This week, the government will face several negative indicators that allow us to see it The brake on the economy is already beginning to be felt.
This Wednesday, INDEC will release trade balance data for January, while Thursday will release the Monthly Estimator of Economic Activity (EMAE) for December.
“This week, INDEC will release data on December activity, which would give a drop of 1.5% due to the poor performance of construction, industry and retail sales”, estimates from the consultancy firm LCG.
And the result of the trade balance for January will also be announced, with a drop in exports close to 10% due to the drought.
“Drought has all the potential to become the scapegoat for a year that promises to be bad. It is seriously ferocious and in recent days frosts have been added. The effects of the drought will be felt in activity level, dollar flow and collections. A year with high inflation and low activity is coming,” says economist Andrés Borenstein.
Data shows that economic activity was negative at the end of 2022.”December GDP will show fourth consecutive month of decline in activity”anticipates Borenstein.
That month, industry contracted 1.2% from November, while construction fell 3.5%. The latest official data showed year-over-year declines of 2.7% and 10.6% in December. In addition, CAME data reflect a 0.8% contraction in retail sales.
“We expect the activity indicator for December to contract by around 1.3% per month without seasonality, which would imply a growth of 1.6% per year, closing the year with an average growth of 5.5% per year during 2022″, says the consultancy firm LCG and clarifies that 3.2 percentage points of the last year’s growth match the statistical drag of 2021.

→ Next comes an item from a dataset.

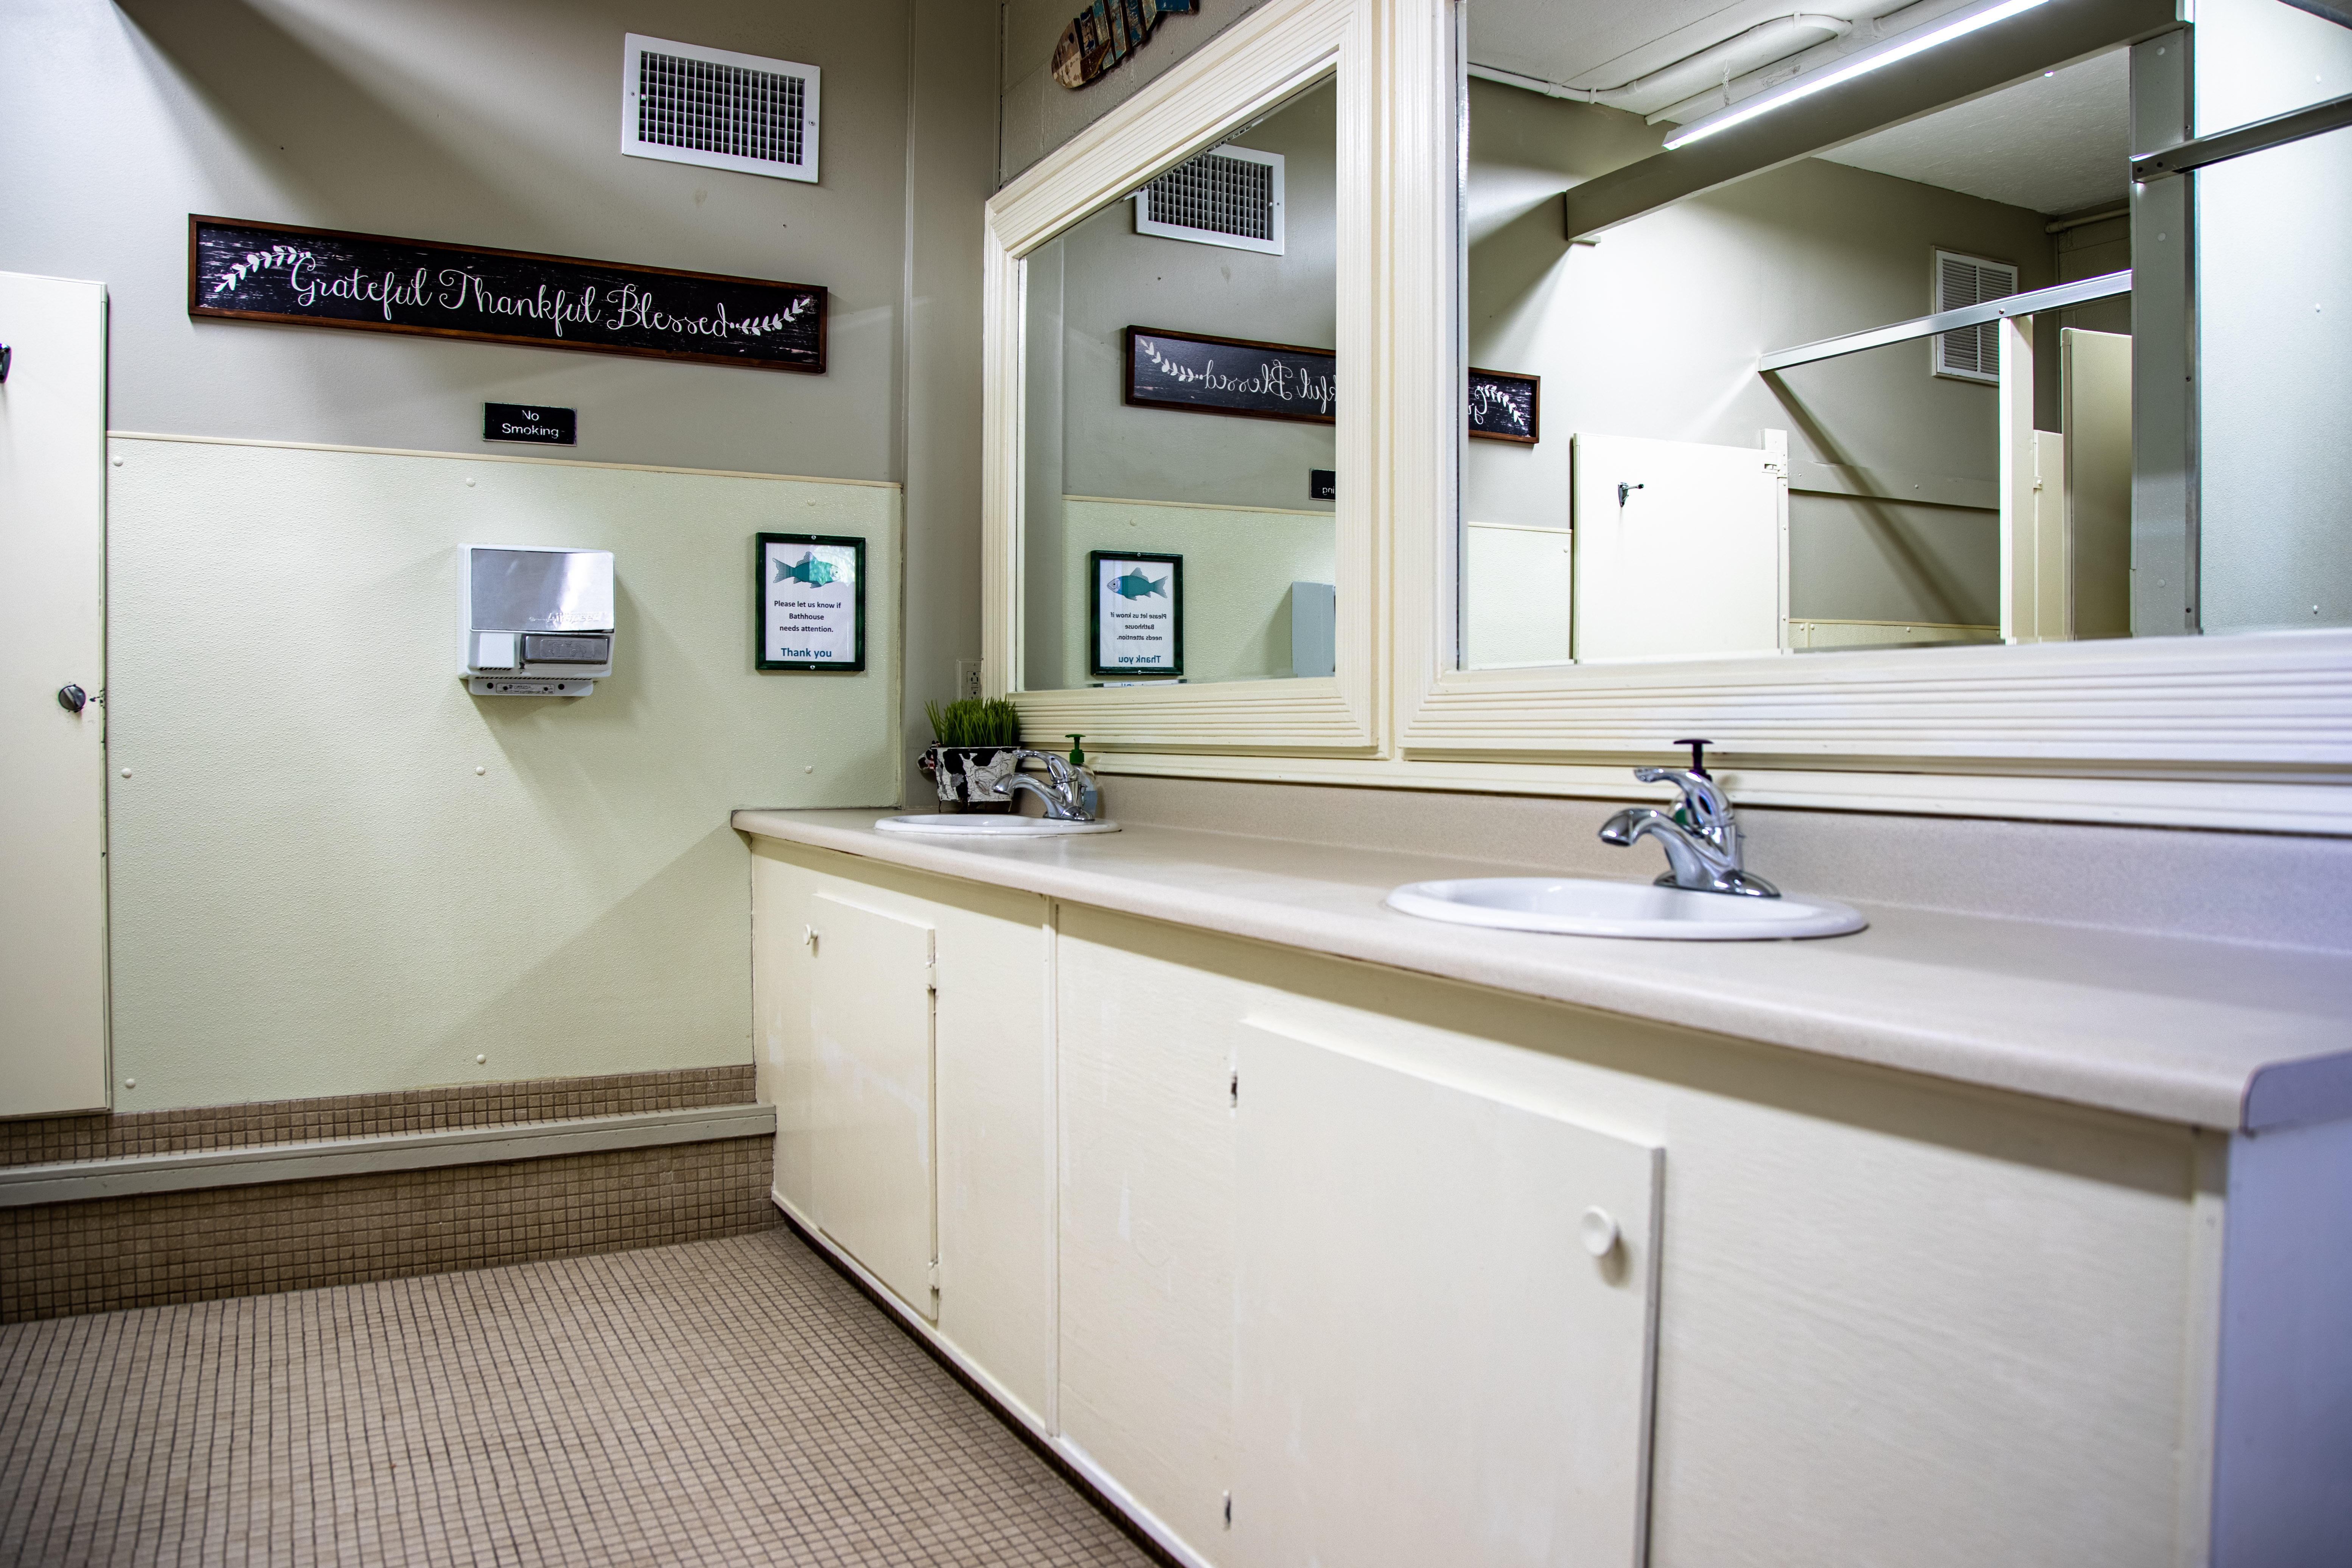 Climate controlled bathhouse.

Even on the foreign trade side, the news is not encouraging. “In this case, we expect January exports to show a modest trend, linked to lower foreign sales of cereals, mainly wheat, which would therefore be around $5 billion total,” says LCG.
This would imply a decline of 9.7% per annum“which shows the first impact of the historic drought that is sweeping the country”.
On the import side, the consultancy indicates that foreign purchases “will continue to be affected by the scarcity of foreign currency and bureaucratic regulations, so we expect them to be around $5.2 billiona decline of 1.4% year-on-year”.
If these predictions come true, the first month of the year would end with a deficit of $200 million versus a surplus of $300 million observed in January 2022.
From Orlando Ferreres y Asociados underline that “a recession scenario is possible for the second quarter of the year”. It refers to the fact that, technically, a “recession” is when there have been two consecutive quarters of bearish activity.
The estimates of Latin Focus, which collects the forecasts of 40 consulting firms, predict a contraction in activity of 0.1% this yearwell below the official estimate of a 2% hike.
Unlike what happened in 2022, this time there will be no statistical brake on GDP growth. This happens because the last quarter of last year was very weak, so GDP expansion will only be linked to what will happen throughout 2023.
With exports weakened by drought, the other big driver of activity consumption will also have limited performance due to lower job creation and little chance of wages exceeding inflation which will be close to 100%.